Graphic design department offers expertise at conference
Nearly 500 technology oriented high school students poured into the conference center of Salt Lake Community College’s Miller campus for an 8:30 a.m. keynote address.
The annual conference of the Academy of Information Technology convened on Wednesday, March 21, to host kids from five Utah school districts and reinforce the AOIT objective of offering better ways for students to learn. As a member program of the National Academy Foundation, a national network that supports the extracurricular development of professional and personal success, AOIT has branches to work with high school students all over the country.

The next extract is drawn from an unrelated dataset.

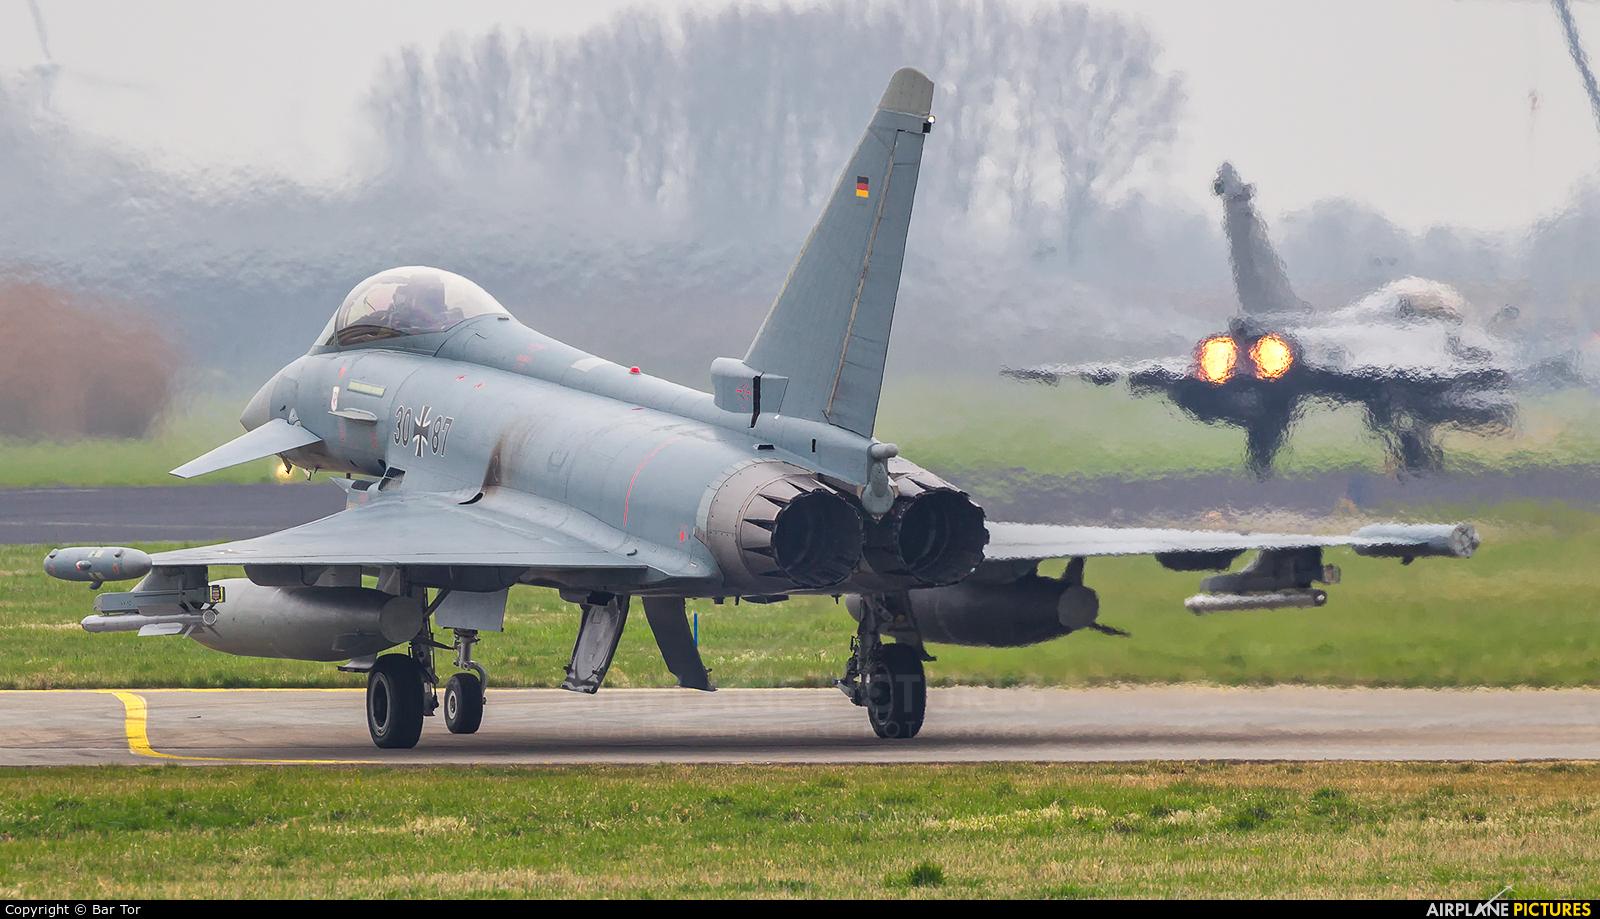 Germany - Air Force 30+87 aircraft at Leeuwarden

Director of the local AOIT board Patricia Isom expressed the board’s desire to not only provide young students with education and opportunities, but to also build and maintain interest in the field, which Isom hopes will be contagious.

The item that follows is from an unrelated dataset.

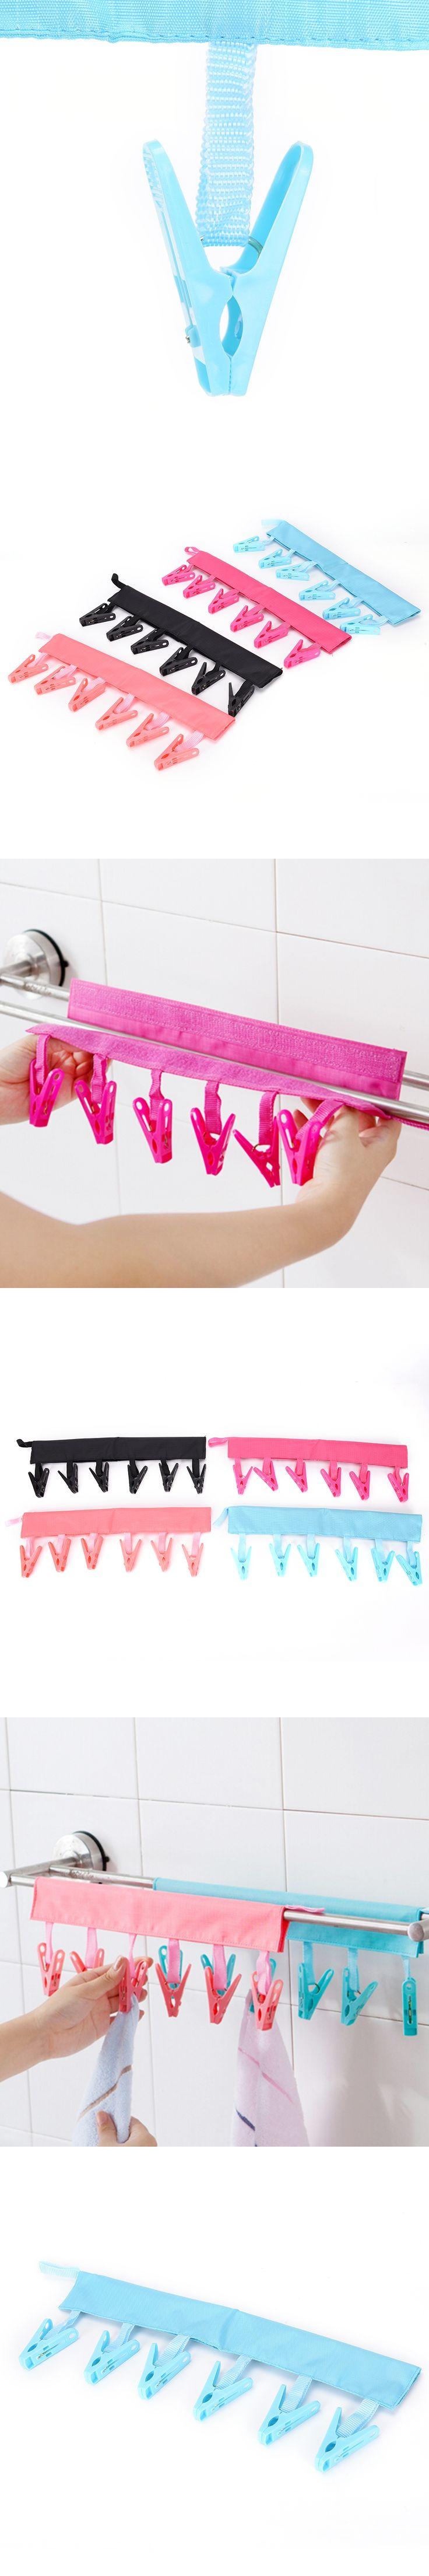 2017 Hot Sale Multifunction Socks Drying Racks Bathroom Rack Traveling Clothespin Travel Portable Folding Cloth Hanger Clips

“We want to not only give students an idea of what’s available to them, but to wow them,” Isom said.
After the buzz of teenage chatter died down in the spacious conference hall before the keynote presentation, Jason Bangerter, adjunct instructor at UVU and owner of the nationally recognized design firm, “Struck,”explained to the students that both form and function are necessary for appealing interactions on the Internet.
As part of his presentation about design-emphasized engineering, Bangerter invited four students from his class, Special Topics in Graphic Design, to show the high school conference goers their class projects.
UVU students, Ethan Clark, Stephanie Bird, Nick Bluth and UVU Review Life Designer, Drew Milton, showcased projects that ranged from animated stock portfolios to a program that tracks and analyzes business’ check–in based promotions from apps like Foursquare, Yelp and Facebook.
Making things like app construction, software development and HTML 5 – all included as topics in the day’s sessions – appeal to high school age kids might seem like a daunting task, but the attendees of the conference were uncharacteristically excited to be there Wednesday, learning from the likes of Electronic Arts Animation Director Paul Metcalfe and EA Creative Director Richard Reagan.
Nicole Neumarker, vice president of technology at Neutron Interactive, taught a session called “Technology – not just a dude thing.” Neumarker explained that access to technology creation and design is no longer limited to a certain demographic.
“[We are] on the cusp of a singularity of capabilities because of the exponential growth of technology,” Neumarker said.
That singularity felt almost palpable at this conference, with the wisdom imparted to the eager youth in the speeches and seminars falling impartially on the ears of each person.
NAF Regional Director Beth Kay articulated the success of the annual AOIT Conference.
“[This conference] is a great example of how excited, committed adults in a community can change people’s futures,” Kay said.